Simply the share of raw material extraction and component production for the Cargotec products counts around 40% of total CO2 emissions. It is useful to remember that generally speaking 70-90% of companies’ CO2 emissions are formed in the supply chain, use and end-of-use phases (called scope 3 upstream and downstream emissions).

For Cargotec to reach the above-mentioned climate goal and tackle scope 3 emissions, various circular strategies are required. As a well-known statement goes, 80% of product’s environmental impact is determined at design stage.

How products are designed, manufactured and used, and how multiple lifecycle thinking is embedded in service offering from the outset are crucial starting points for further development. In addition, material choices play a critical role; selecting low-carbon and circular materials including how they are sourced and used, should be part of the solution toolbox. For example, recycled steel generates over 60% less emissions than primary steel (1,2kgCO2e/kg compared to 3,3kgCO2e/kg).

We recently held a webinar with the Cargotec staff to further explore what is actually meant by circular business, what the business benefits are and how different circular strategies for Cargotec look like.  We talked about the topics such as the concept of decoupling growth from the use of virgin raw materials and resources, and how circularity could be embedded into Cargotec’s Sustainable by Design approach.

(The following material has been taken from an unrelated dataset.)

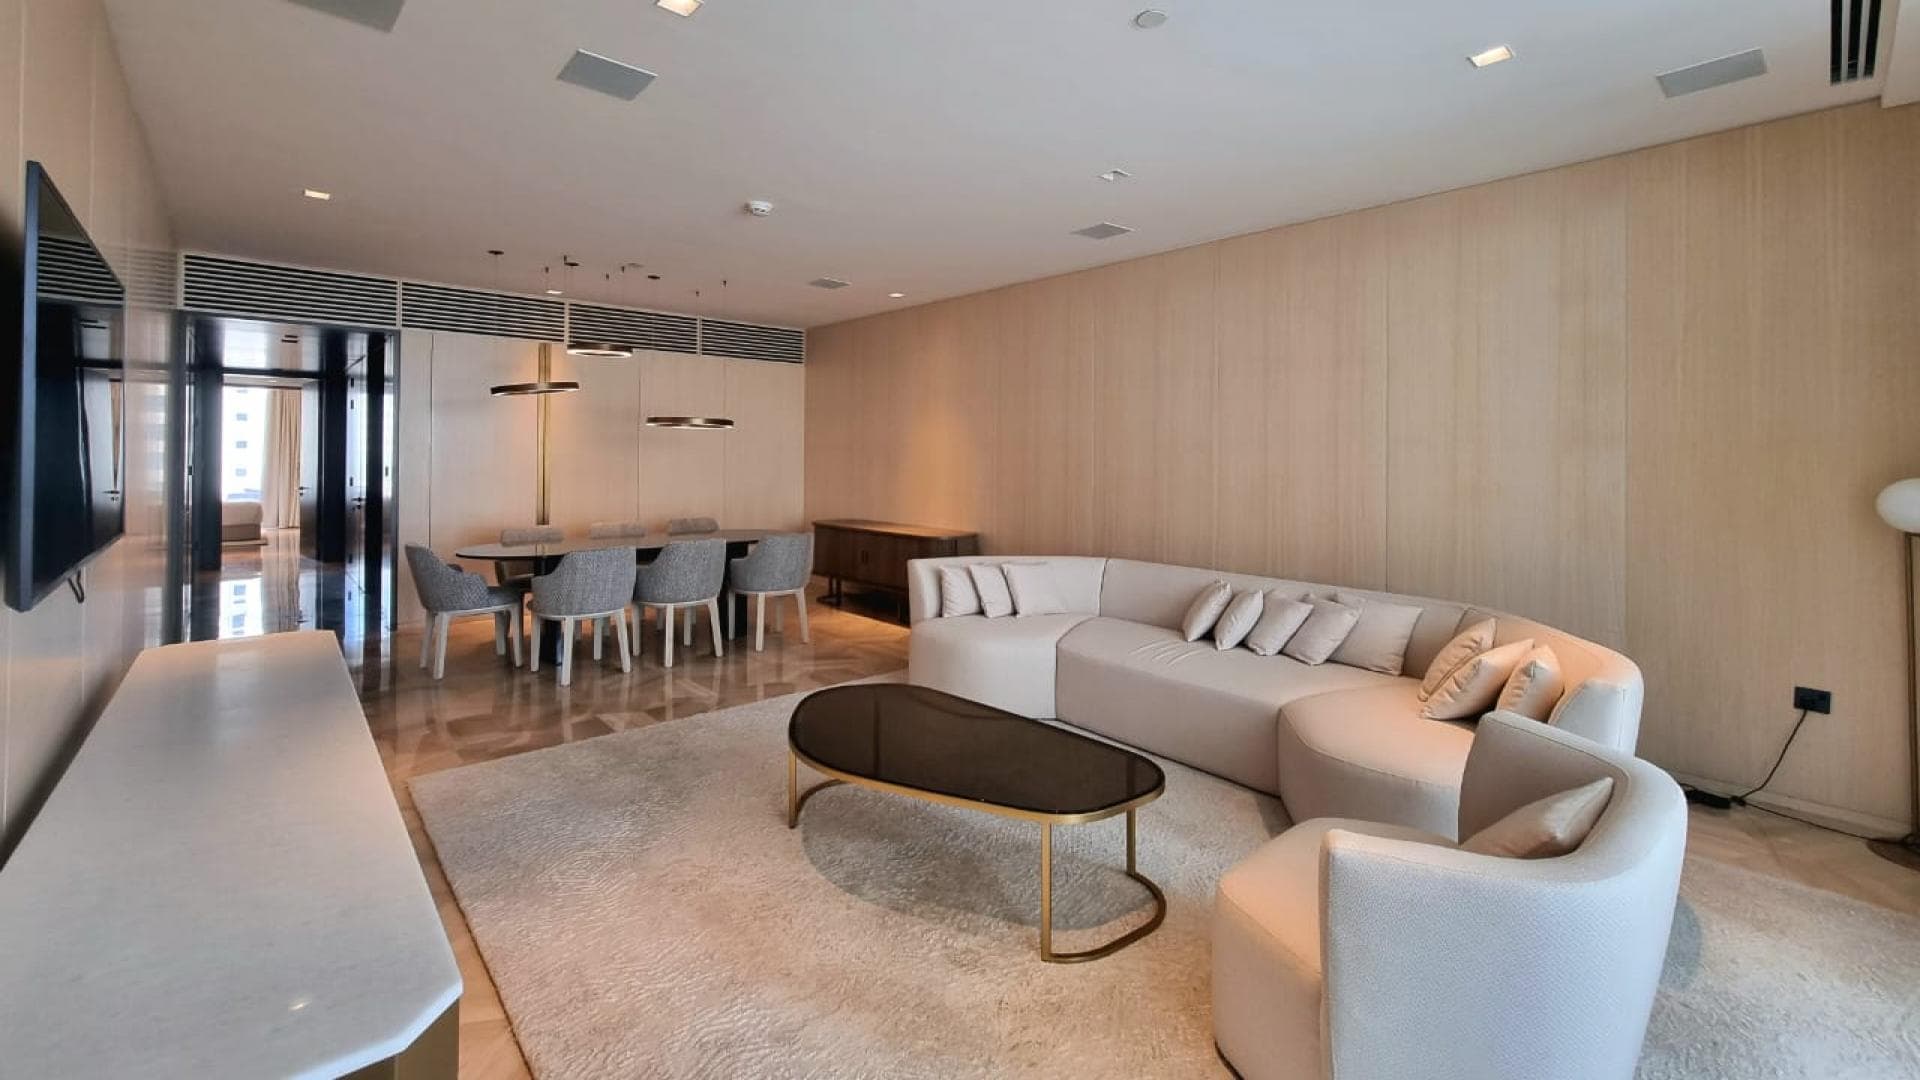 3 Bedroom Apartment For Rent Al Thamam 43 Lp37274 202c5e394f802e0.jpeg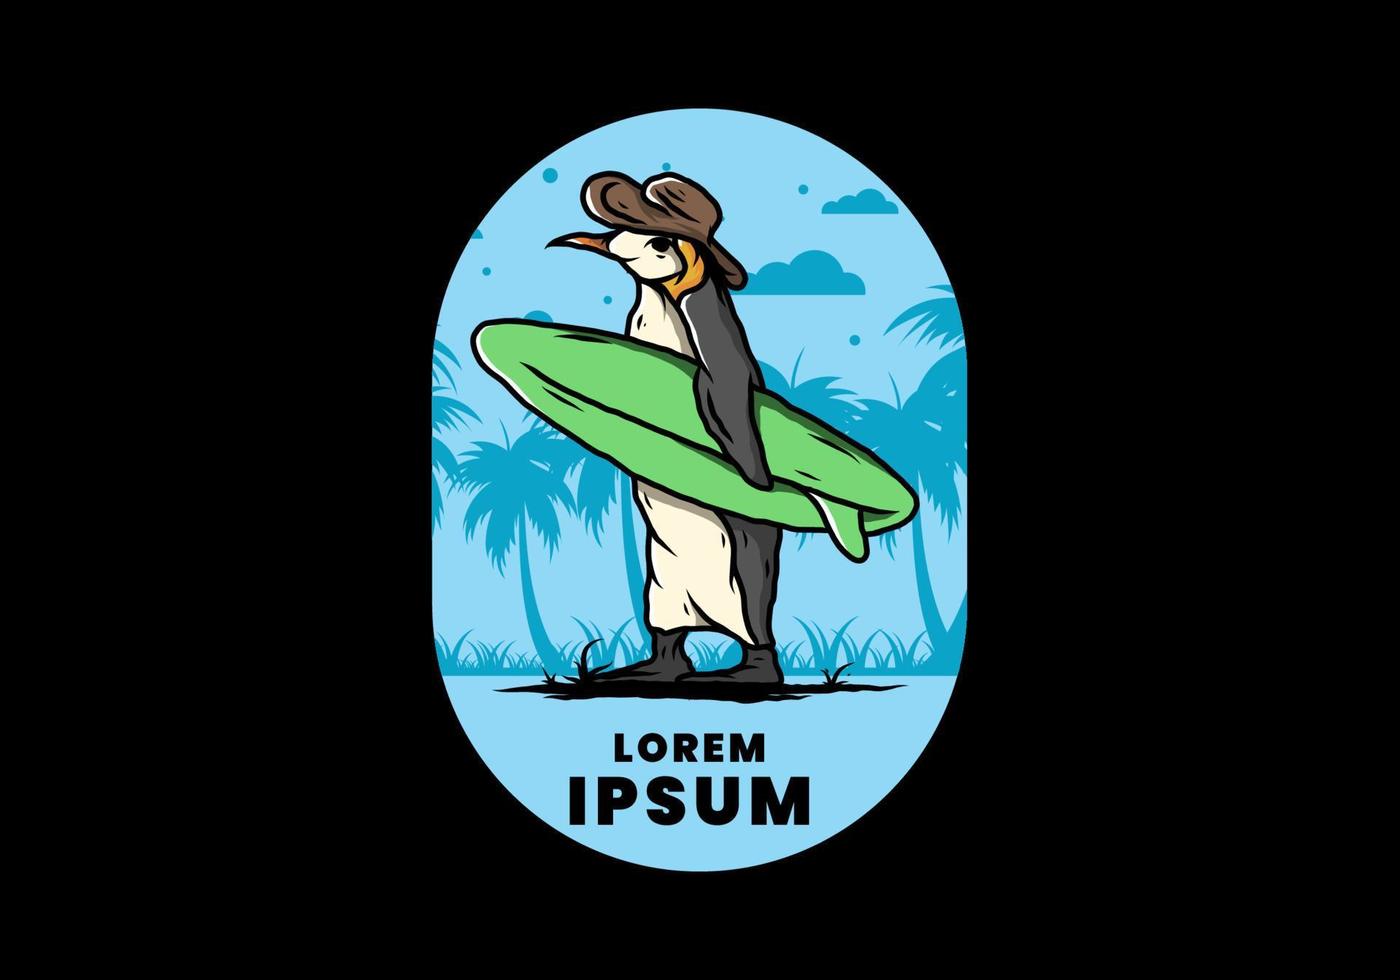 pingüino lindo que lleva una tabla de surf en la ilustración de la playa vector

After the webinar we sat down with Päivi Koivisto, Sustainability Director.

Cargotec is in a good position to move towards circularity. What are the steps you’ve already taken as a company?

Sustainability is a fundamental part of Cargotec’s strategy. We are particularly focusing on making a difference in climate matters. We have set ambitious long-term and short-term goals and are measuring our success through C02 equivalent reductions and growth of eco portfolio sales. As the majority of our emissions come from the use phase of our product, that is our focal point in innovation. We want to help our customers in their sustainability journey by offering new sustainable products and services. One concrete example of this is Kalmar’s fully electric portfolio, which was launched in December 2021. We are also revising the criteria of eco portfolio to align with the EU Taxonomy.

In addition to climate targets, what are your drivers to develop your operations? And regarding future opportunities, is there something in the pipeline that you could tell us about?

If we look at our climate targets and actions, one of the most exciting collaborations we have ongoing is with SSAB with whom we are working to pioneer fossil-free steel in the cargo-handling industry. In addition to our climate actions, we are working on many other sustainability topics. We want to partner with our suppliers in order to achieve our ambitious climate targets but also to make the whole supply chain more responsible. As one example, we recently joined the Responsible Minerals Initiative in order to be better positioned to address the responsible minerals sourcing issue in our supply chain.

How do you see Cargotec’s future, will it be circular?

Yes, definitely. Circularity and circular business models are needed to achieve our climate targets. Circularity helps to eliminate waste from our value chains, i.e. make them more resource and energy efficient. We are looking into opportunities to make our product portfolio and business models more circular and by doing so reduce the environmental footprint and create more value for our customers.